UPDATED - One in three companies not prepared for breaches: RSA

RSA head of channels and alliances A/NZ, Jonathan Christopher

Security firm RSA has released the results of its global breach readiness survey covering 30 countries.

It compared the global results with a survey of the Security for Business Innovation Council (SBIC), a group of security leaders from the Global 1000.

Using the SBIC as a benchmark, the results suggest the majority of organisations are not following incident response best practices.

As a result, they are not prepared to face the challenges of advanced cyber threats.

The results indicate that 30 per cent of organisations surveyed did not have formal incident response plans in place.

In organisations with a plan, 57 per cent admit to never updating or reviewing them.

The survey focused on measures within four major areas of breach readiness and response: incident response, content intelligence, analytic intelligence and threat intelligence.

It measured awareness gained from tools, technology and processes in place to identify and monitor critical assets.

RSA security analytics specialist, Chris Thomas, said the firm's experience with customers in A/NZ would suggest that local figures are largely consistent with US findings.

"Many organisations that we’ve encountered spend time and resources developing disaster recovery and business continuity plans. However, they do not have the same level of maturity when approaching their incident response and breach notification plans."

"The critical aspect that firms need to look at to increase incident response and breach readiness capabilities is to ensure that the people, processes and technology are properly aligned."

"The only way to do this is to test procedures in the same way that firms are now testing their business continuity management (BCM) and disaster recovery (DR) plans and capabilities."

"The other aspect required for firms to increase their breach readiness is to ensure they have adequate and effective threat detection, threat discovery and incident response capabilities."

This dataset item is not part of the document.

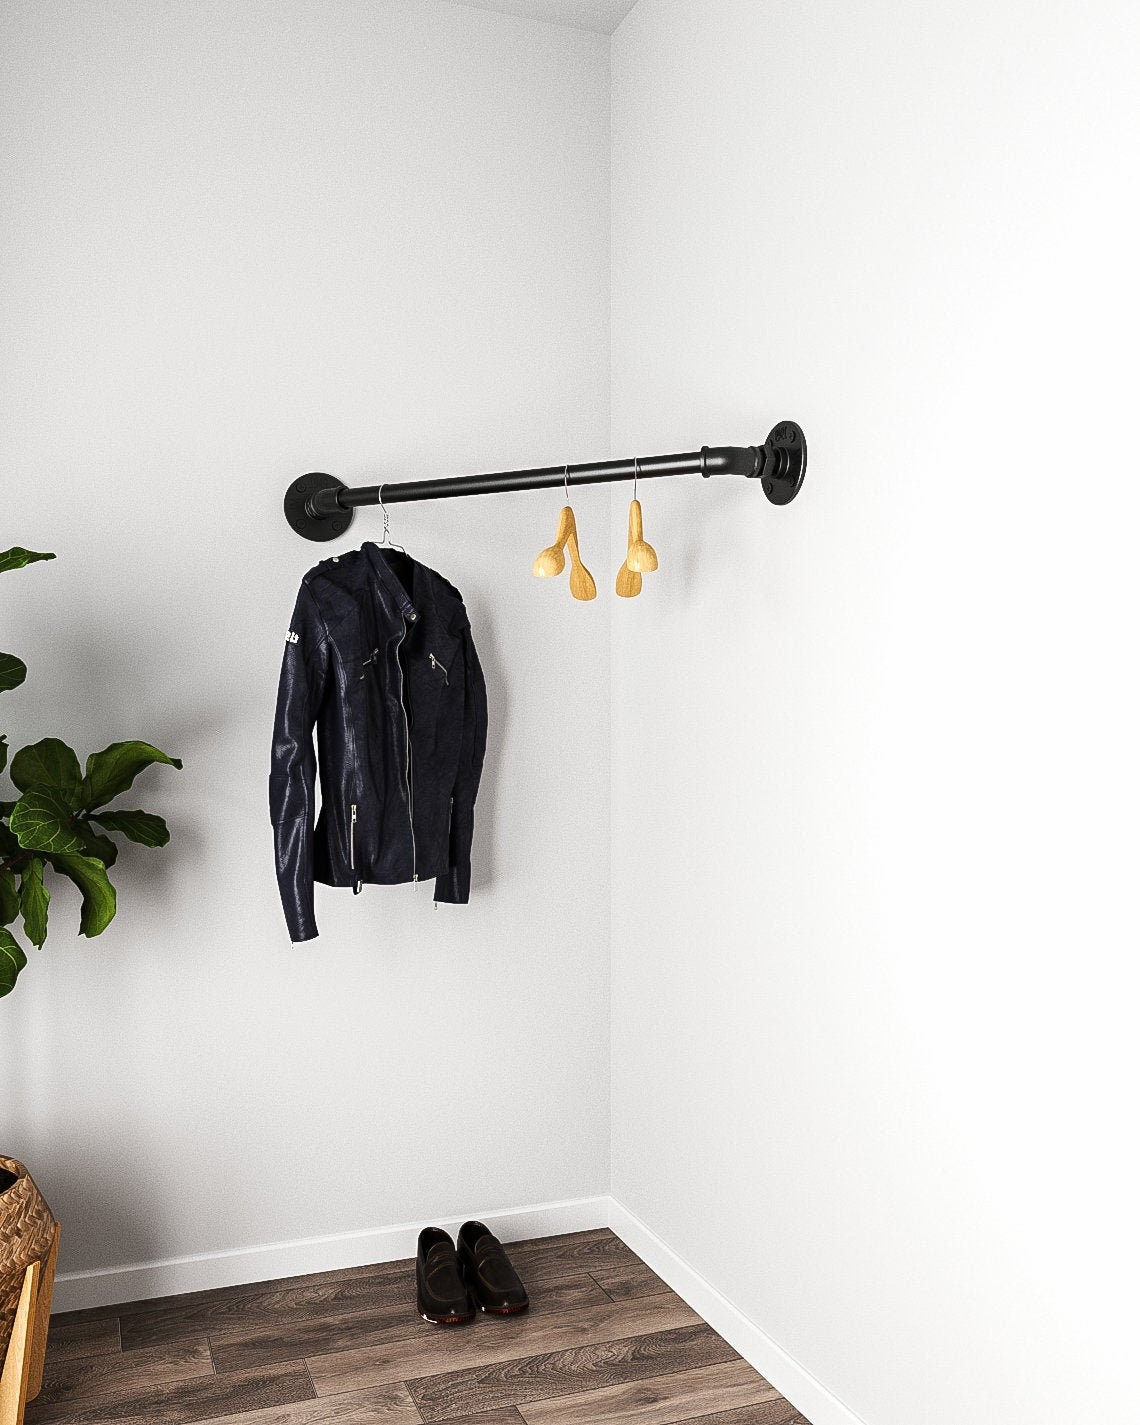 Amos Corner Industrial Pipe Wall Mounted Clothes Rack

"These ensure that they are able to detect incidents and breaches themselves, rather than being notified by a third party after the fact."

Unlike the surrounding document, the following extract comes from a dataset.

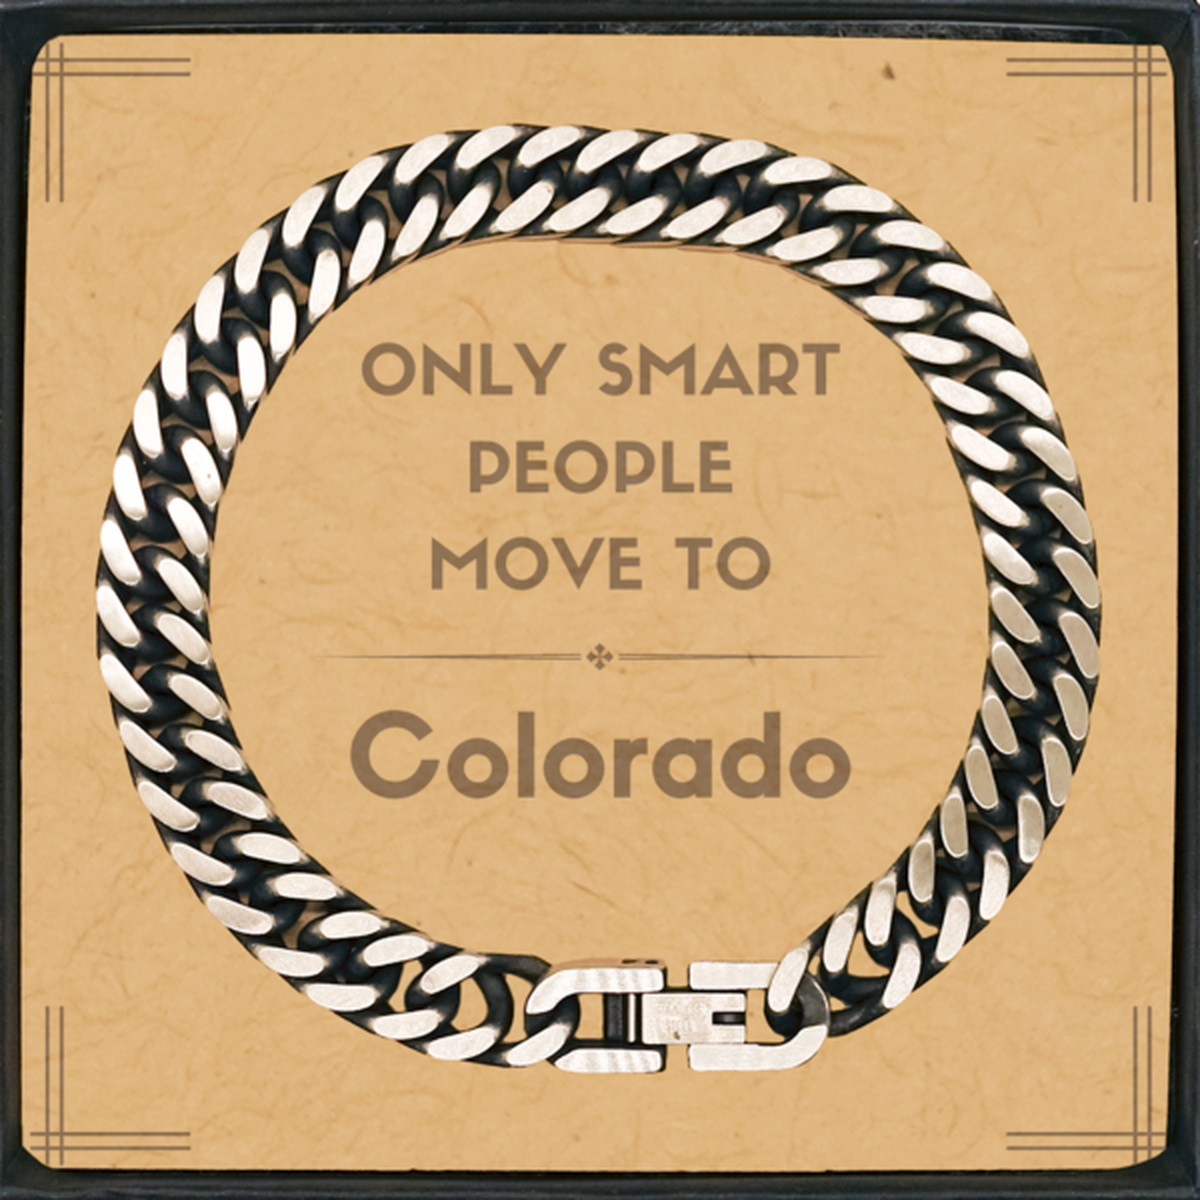 Only smart people move to Colorado Cuban Link Chain Bracelet, Message Card Gifts For Colorado, Move to Colorado Gifts for Friends Coworker Funny Saying Quote

RSA head of channel and alliances A/NZ, Jonathan Christopher, said that as organisations improve their approach to incident response and breach readiness, the channel is able to deliver best practice guidance and subject matter expertise to their clients.

“RSA has seen its Channel Partners in the A/NZ region as ideally positioned to specialise in this space and with RSA are able to jointly deliver strategic consulting services to assist customers on this journey.”

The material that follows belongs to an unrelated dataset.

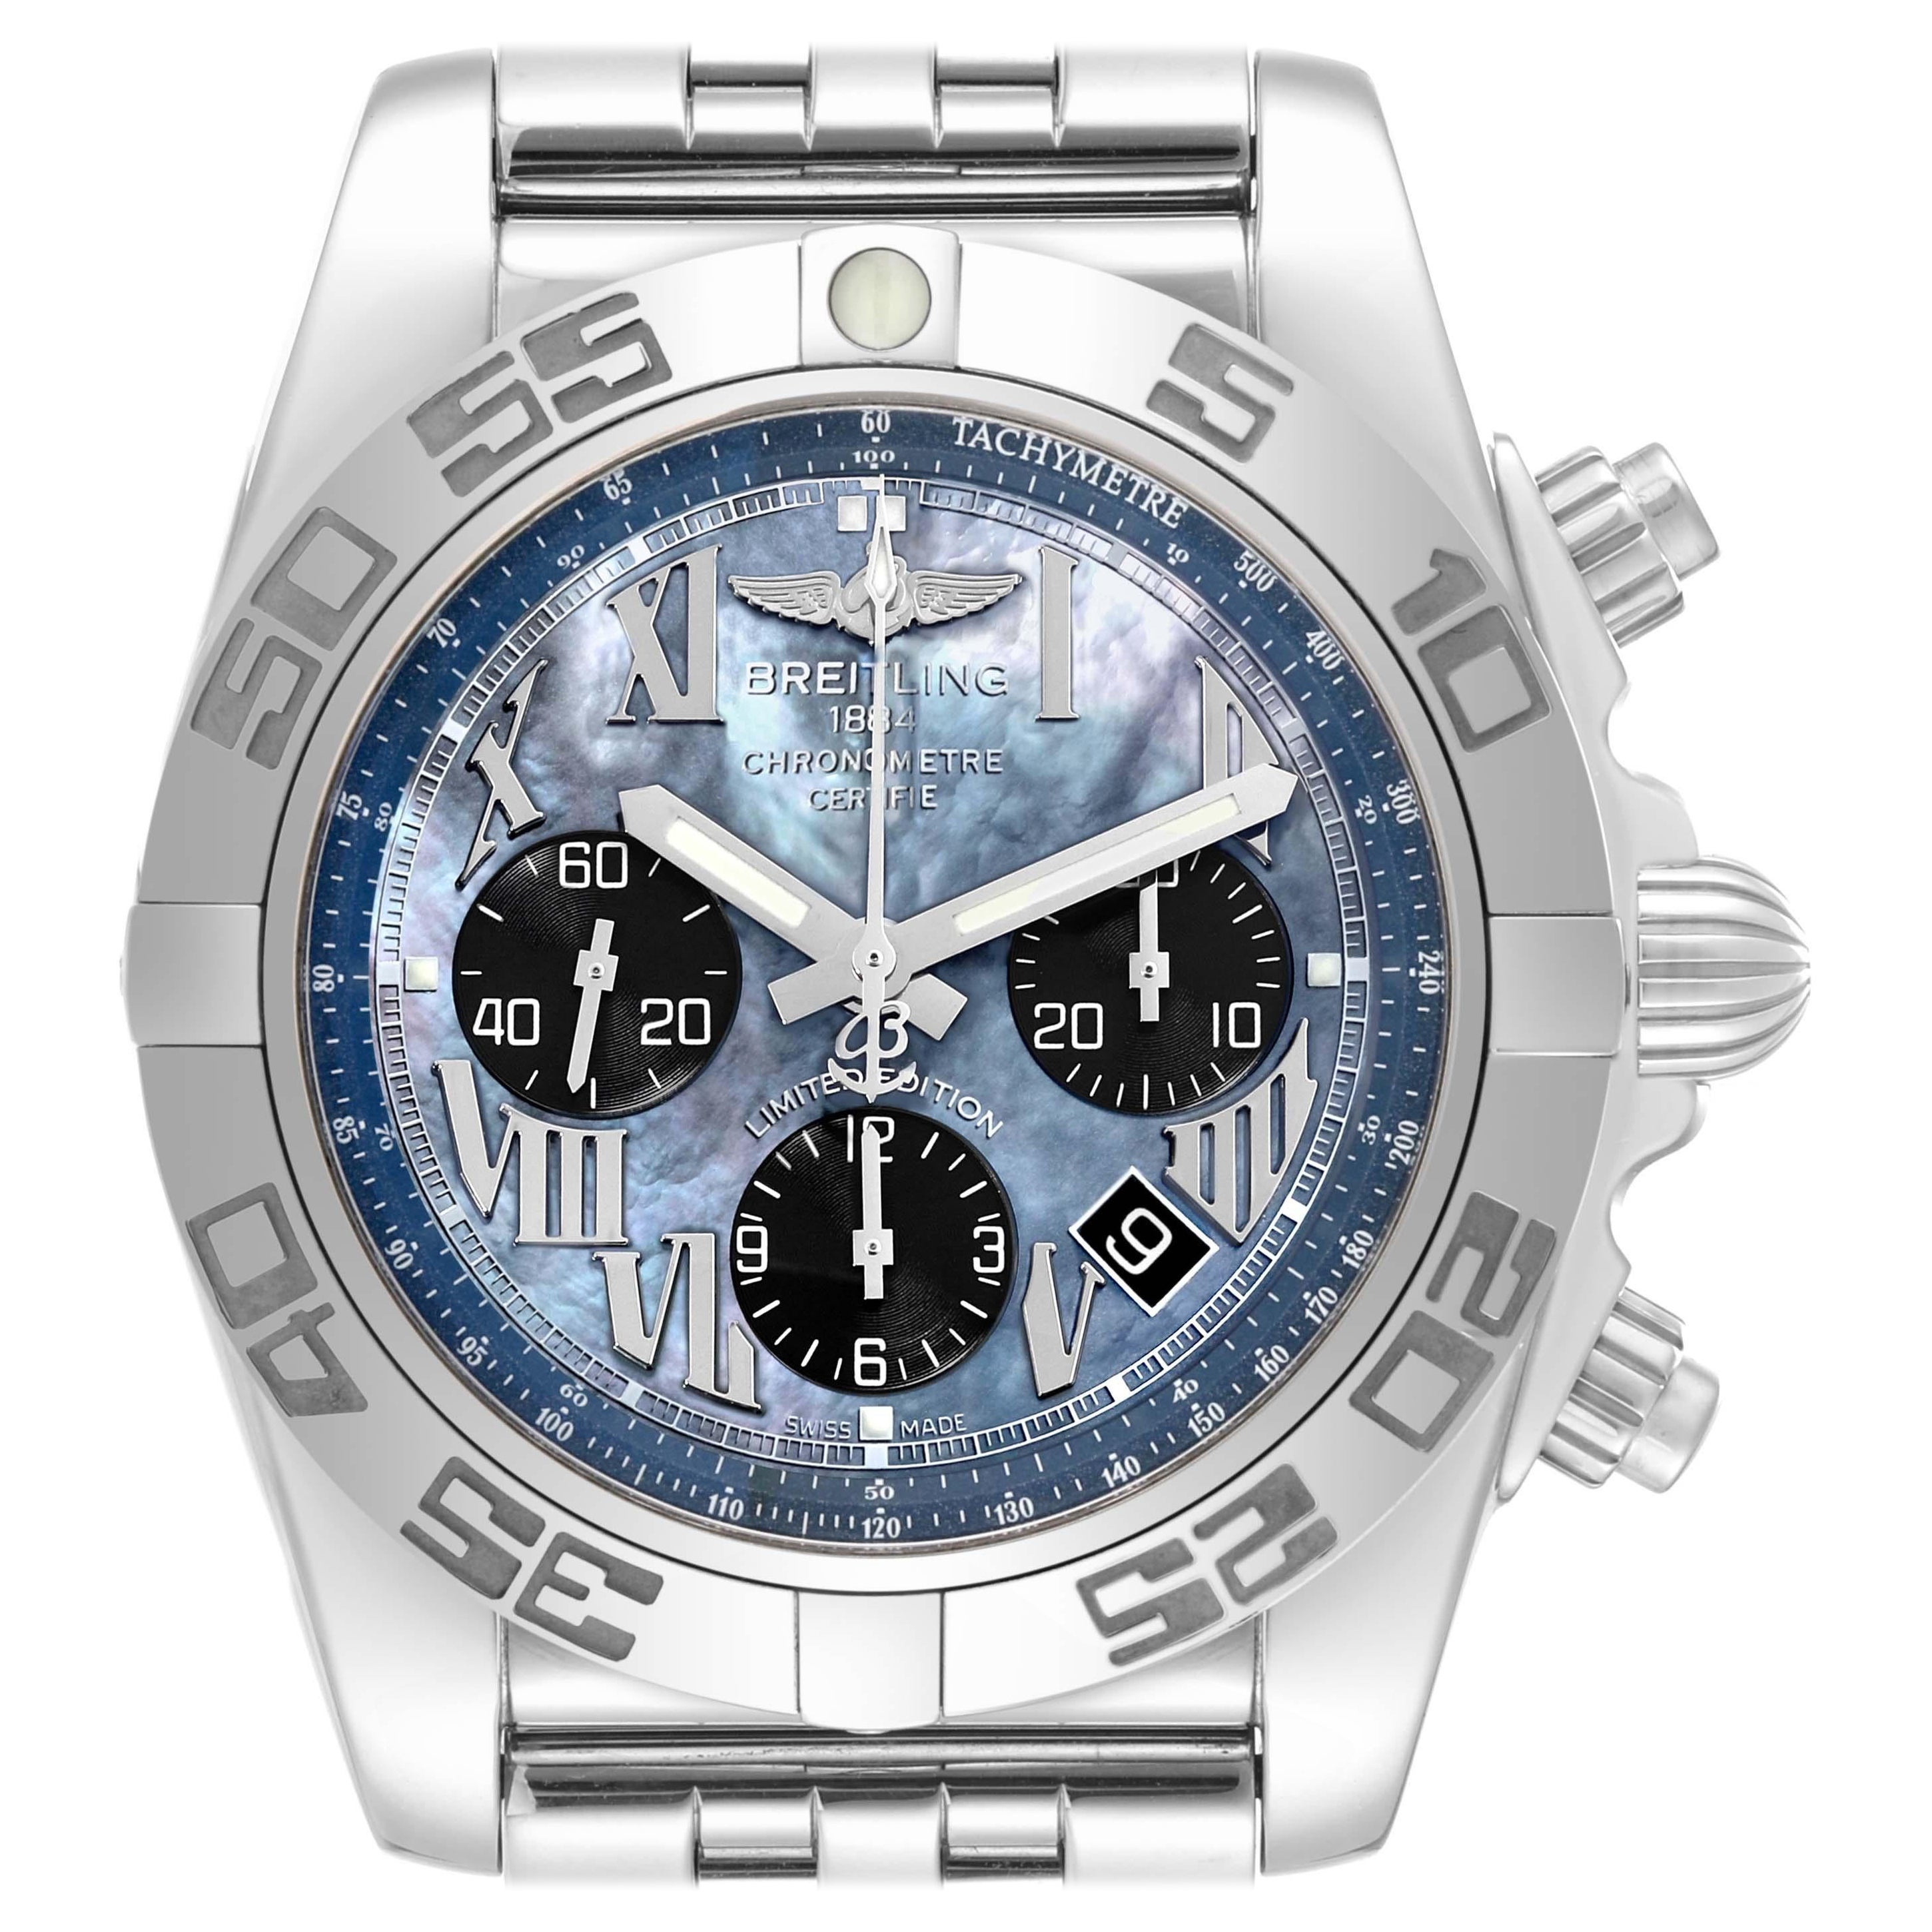 Breitling Chronomat 01 Mother of Pearl Steel Limited Edition Mens Watch For Sale

“As breach readiness maturity is not a point in time process and needs continual focus and enhancement, long-term relationships with channel partners are invaluable as organisations will need a partner that truly understands their business.”

“Additionally, as the threat landscape continues to evolve, organisations need to ensure they are adequately protected, have the ability to respond appropriately should a breach occur, and importantly, have a partner that has the experience to support them in providing these two capabilities.”

While all SBIC members have a capability to gather data and provide centralised alerting, 55 per cent of those surveyed lacked the capability. This made them blind to many threats.

RSA said identifying false positives still proves a difficult task. Only 50 per cent of general respondents had a formal plan in place for identifying false positives.

SBIC members who participated in the survey include security chiefs from Johnson & Johnson, JPMorgan Chase, ABN Amro, Thales A/NZ, Walmart, EMC, General Electric, Boeing and FedEx.